Хотя Дарвин и отвергал идею об особом замысле специфических черт организмов, тем не менее и в «Происхождении видов», и в более поздних работах он постоянно ссылается на то, что сам замысел законов, управляющих эволюцией, был достаточно предусмотрителен. В «Происхождении видов» приводится цитата из письма Чарлза Кингсли, считавшего, что творение простых форм, способных к саморазвитию, подразумевает столь же возвышенные представления о Боге, сколь и творение, нуждающееся в дальнейших творческих актах. Дарвин не сомневался, что мир, который «так великолепно организован», пусть и несовершенен в деталях, не может быть результатом слепой случайности. Придумав законы, Бог тем самым задал всеобщую модель и поступательное движение. В письме к гарвардскому натуралисту Асе Грею Дарвин писал: «Я склонен рассматривать все как результат продуманных законов, оставивших на долю того, что мы можем назвать случайностью, лишь разработку деталей». В других местах он называет природные законы «вто­ричными средствами», с помощью которых Бог творил мир.

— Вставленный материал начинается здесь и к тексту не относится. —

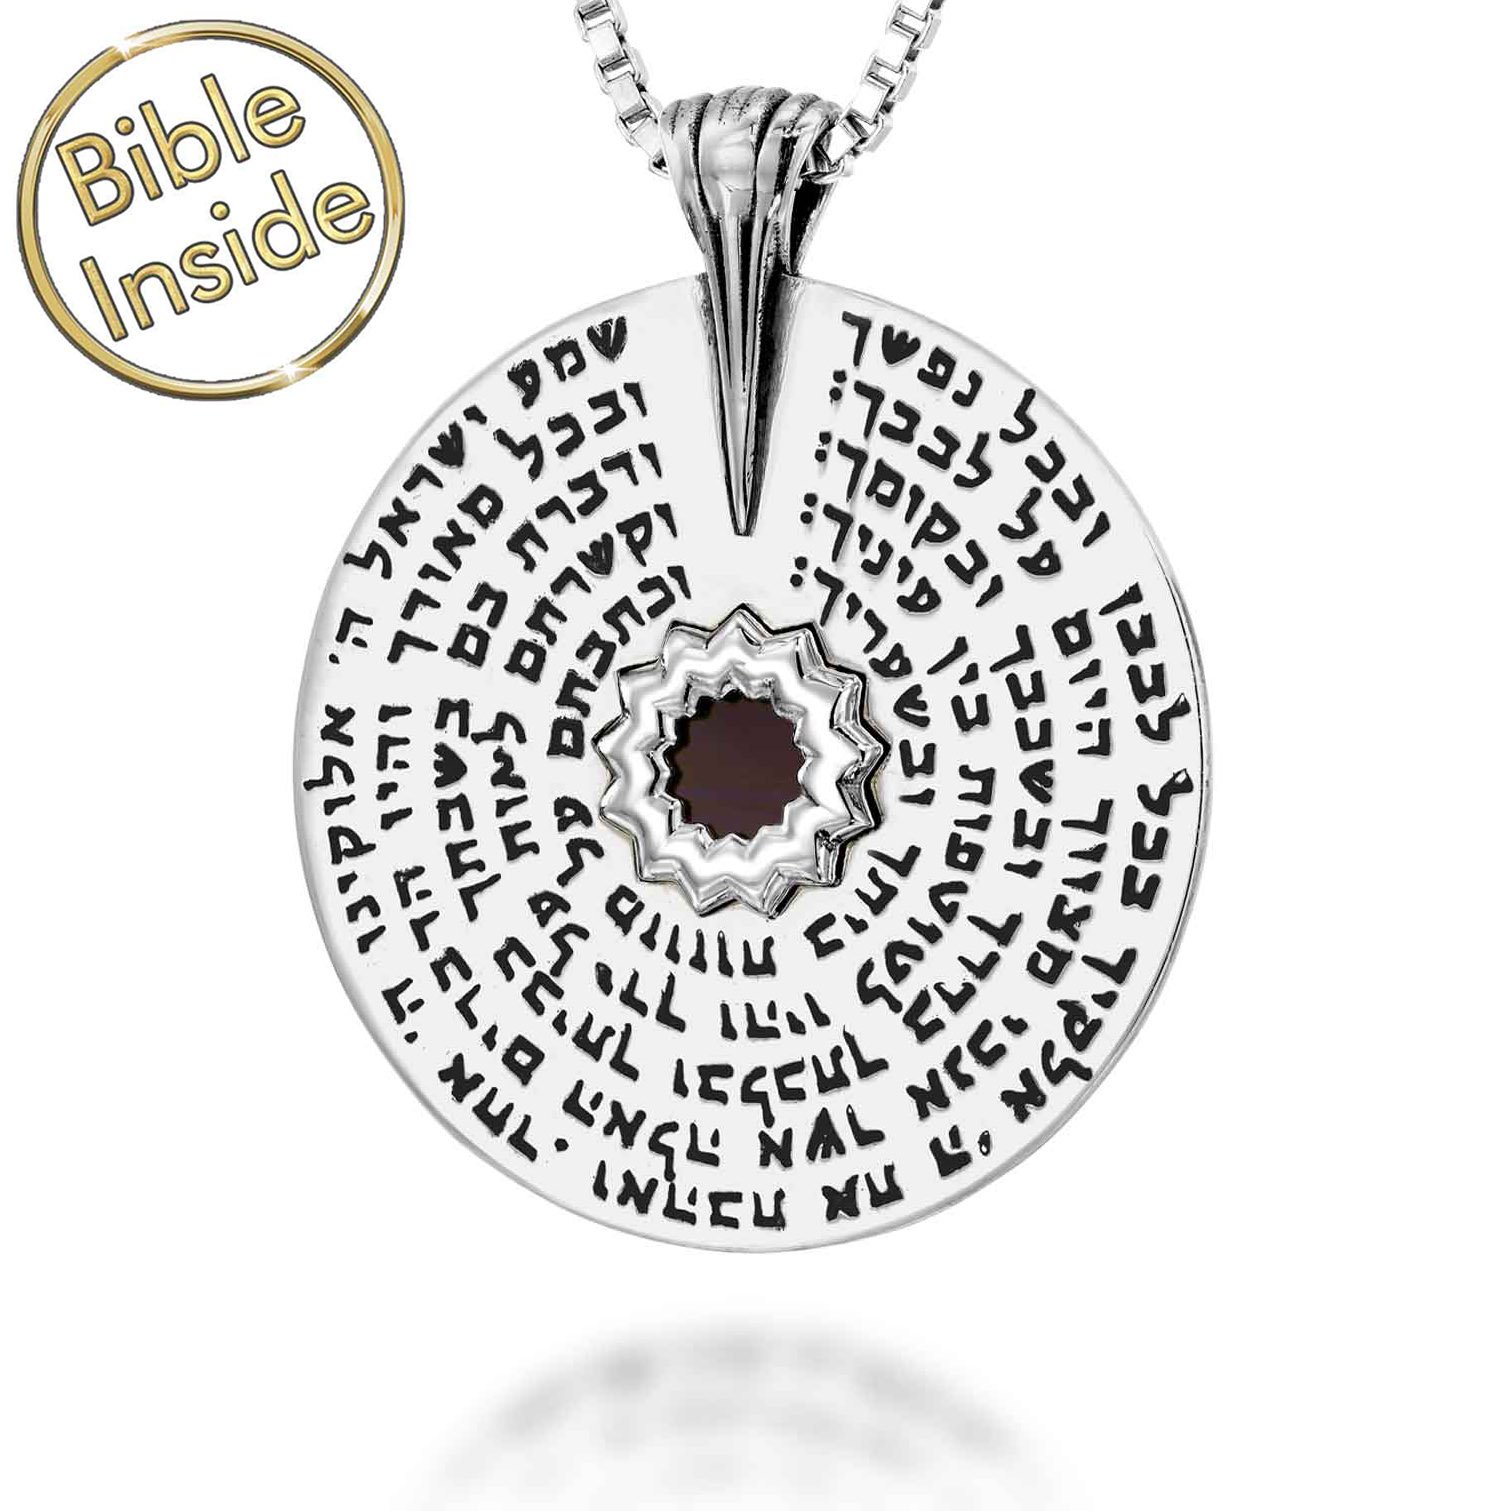 Nano ‘Bible Inside’ Sterling Silver ‘Shema Israel’ in Hebrew Wheel Necklace

Однако позднее Дарвин стал более скептически относиться даже к подобному широкому пониманию замысла. В письме, написанном за три года до смерти, он определяет себя как агностика: «Даже в самых крайних моих сомнениях я никогда не был атеистом в смысле отрицания существования Бога. Я полагаю, что, по большому счету (и это все более справедливо по мере того, как я становлюсь старше), хотя и не во всех случаях, я бы назвал себя агностиком». Отчасти его агностицизм объяснялся признанием того, что его собственная теория приписывает человеческому разуму достаточно низкое происхождение. В «Автобиографии», написанной в 1879 г., Дарвин вспоминает:

сколь трудно, или скорее невозможно, признать, что необъятная и восхитительная вселенная, и в том числе человек, с его способностью заглядывать далеко в прошлое и далеко в будущее, есть лишь результат слепой случайности или необходимости. Когда я думаю об этом, мне хочется увидеть Первопричину, наделенную разумом, до некоторой степени сопоставимым с разумом человека: поэтому я заслуживаю того, чтобы меня называли теистом. ... Но здесь возникает сомнение в том, может ли разум человека, который, по моему глубокому убеждению, развился из разума низших животных, заслуживать доверия, когда он делает столь грандиозные выводы.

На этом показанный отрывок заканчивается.